By Kimberley Johnson/addicting info
The Tea Party ranks “dead last” in CBS poll, even less popular than atheists.
When a group of citizens wants to incorporate religion into politics, the result is failure: especially when it pertains to U.S. politics.
In the late seventies until the eighties, we saw the beginning and the end of the Moral Majority, a political action group composed of conservative, fundamentalist Christians. Founded (1979) and led (1979–87) by evangelist Rev. Jerry Falwell, the group played a significant role in the 1980 elections through its strong support of conservative candidates. It lobbied for prayer and the teaching of creationism in public schools, while opposing the Equal Rights Amendment (see: Feminism), homosexual rights, abortion, and the U.S.-Soviet SALT treaties (see: Disarmament, nuclear). The Moral Majority was dissolved in 1989.
America was founded by Deists, not Christians as the Tea Party would have you believe. Yet they seem hell bent on forcing their Christian values on Muslims, Jews, atheists, Buddhists and every other group.
The unpopularity of the Tea Party stems from the fact it is a small group of primarily white Christians with deeply conservative values, who are trying to bully Americans and force us into their personal, political and religious ideology.

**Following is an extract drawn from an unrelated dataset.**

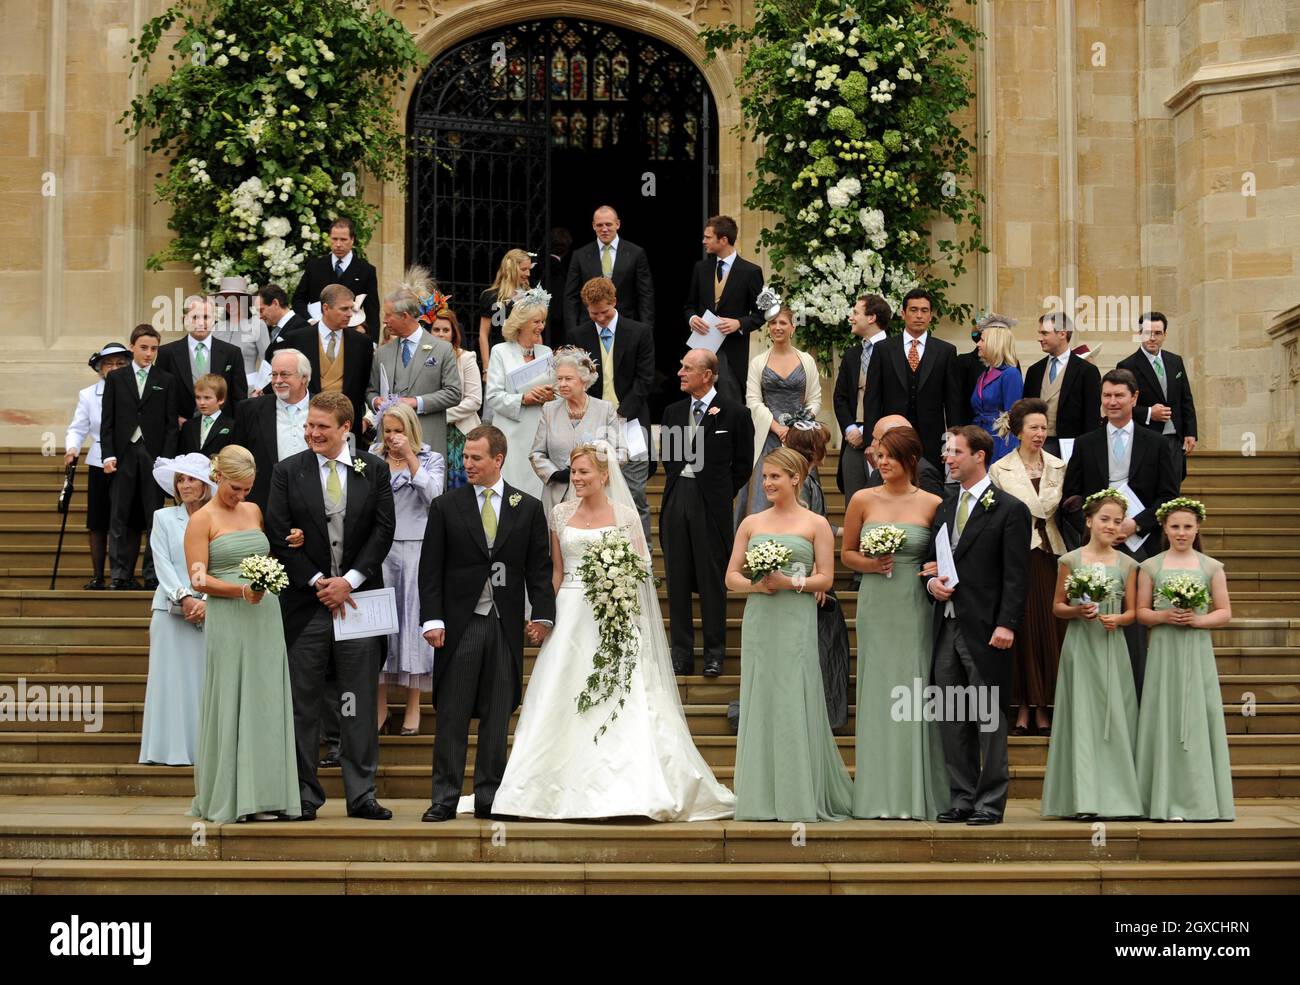 Peter Phillips und Autumn Kelly verlassen die St. George's Chapel nach ihrer Hochzeitszeremonie im Windor Castle, Windsor. Stockfoto
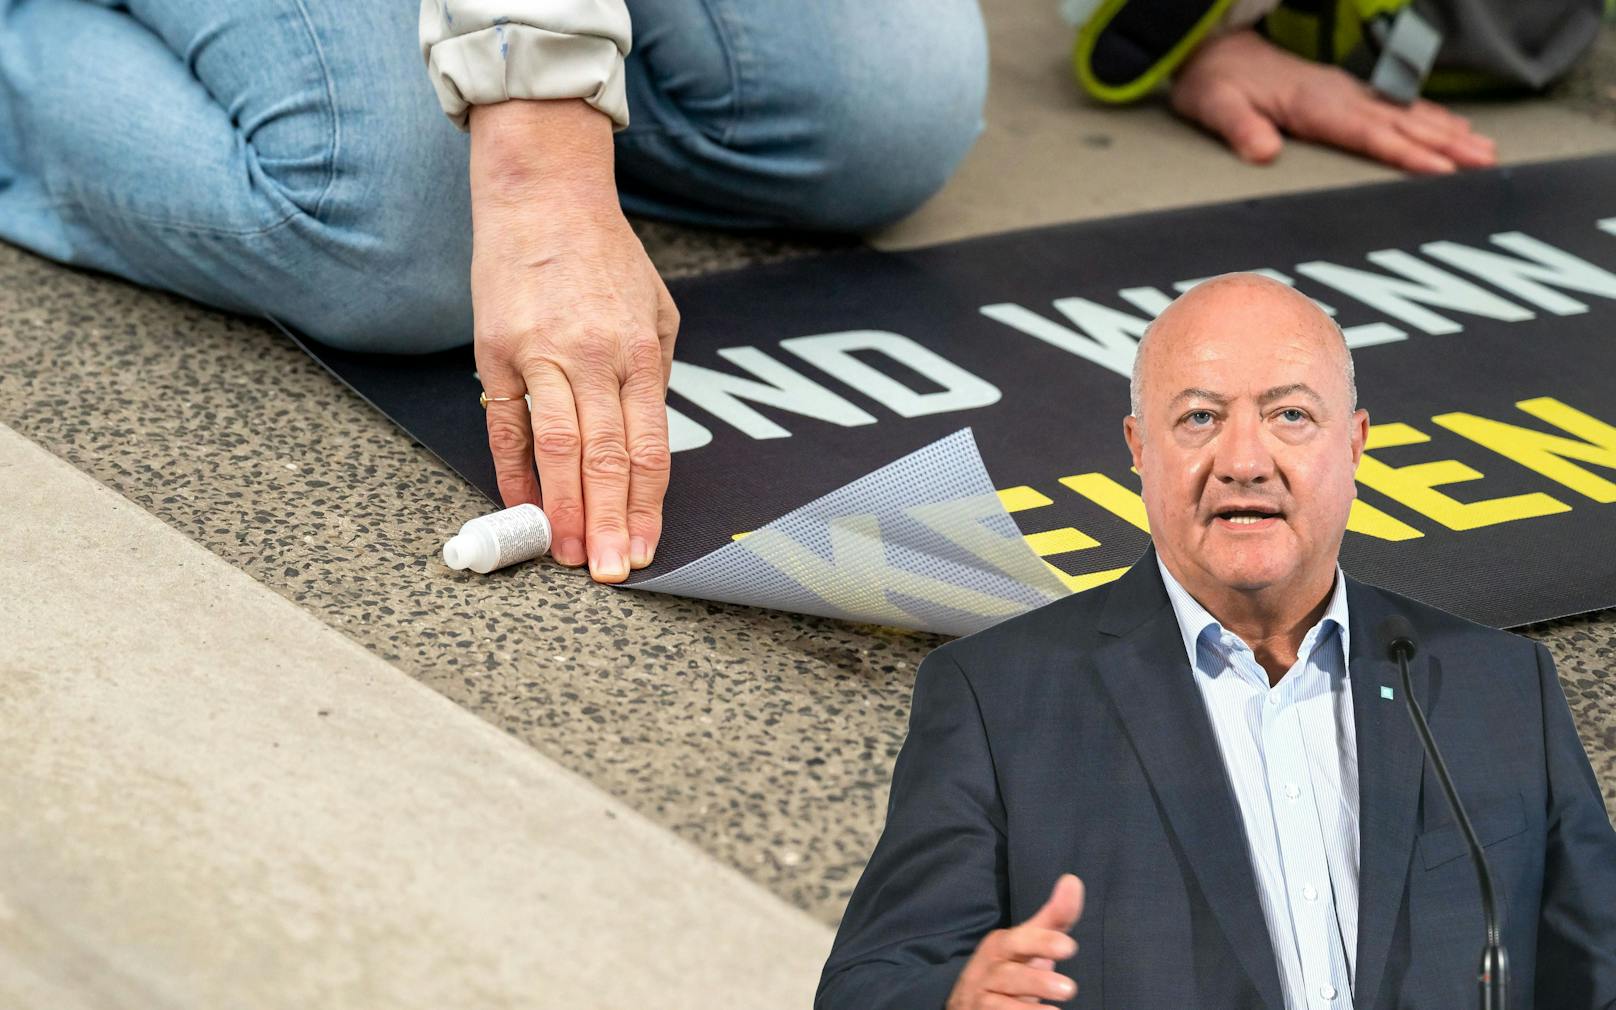 ÖVP-Generalsekretär Christian Stocker holt zum Rundumschlag gegen die "Letzte Generation" aus.

A census study recently revealed that whites are now a minority in the U.S. As CNN reported back in 2009, more Americans are rejecting religion altogether.
The Tea Party calls for “less government” but they contradict themselves when they look to have government control what women do with their bodies, dictate who and how we are allowed to love and remove science from school curriculums in favor of religious teachings that are shared by a dwindling segment of the population. They take an extreme stance on governance and when met with reason and logic, they absolutely refuse to accept anything other than their own agenda.
Mitt Romney has fallen victim to appeasing them and the result has been a candidate who is not taken seriously by anyone, including the Tea Party.
With a 24-hour news cycle, an array of right-wing websites and social media, their collective voices are louder than ever before. They are like the Moral Majority on steroids. With members such as Michelle Bachmann, Sarah Palin, Jan Brewer and VP pick Paul Ryan, they have a strong presence and a very loud voice. While one should never underestimate their power, they do not represent the majority of Americans.
Think about it this way: the Tea Party is like 25 mosquitoes carrying West Nile virus released into a closed room of 100 people wearing shorts and t-shirts. They may be in the minority but they are capable of creating chaos—and they have.
The remedy is quite simple. Vote them out on November 6. We have the collective power. They gained a majority in the House in 2010 because the Bush economy — that took eight years to send us into a depression — wasn’t fixed in just two years under Obama, and impatient voters either stayed home or voted against their own best interests, thinking John Boehner, Mitch McConnell and Eric Cantor would be their saviors.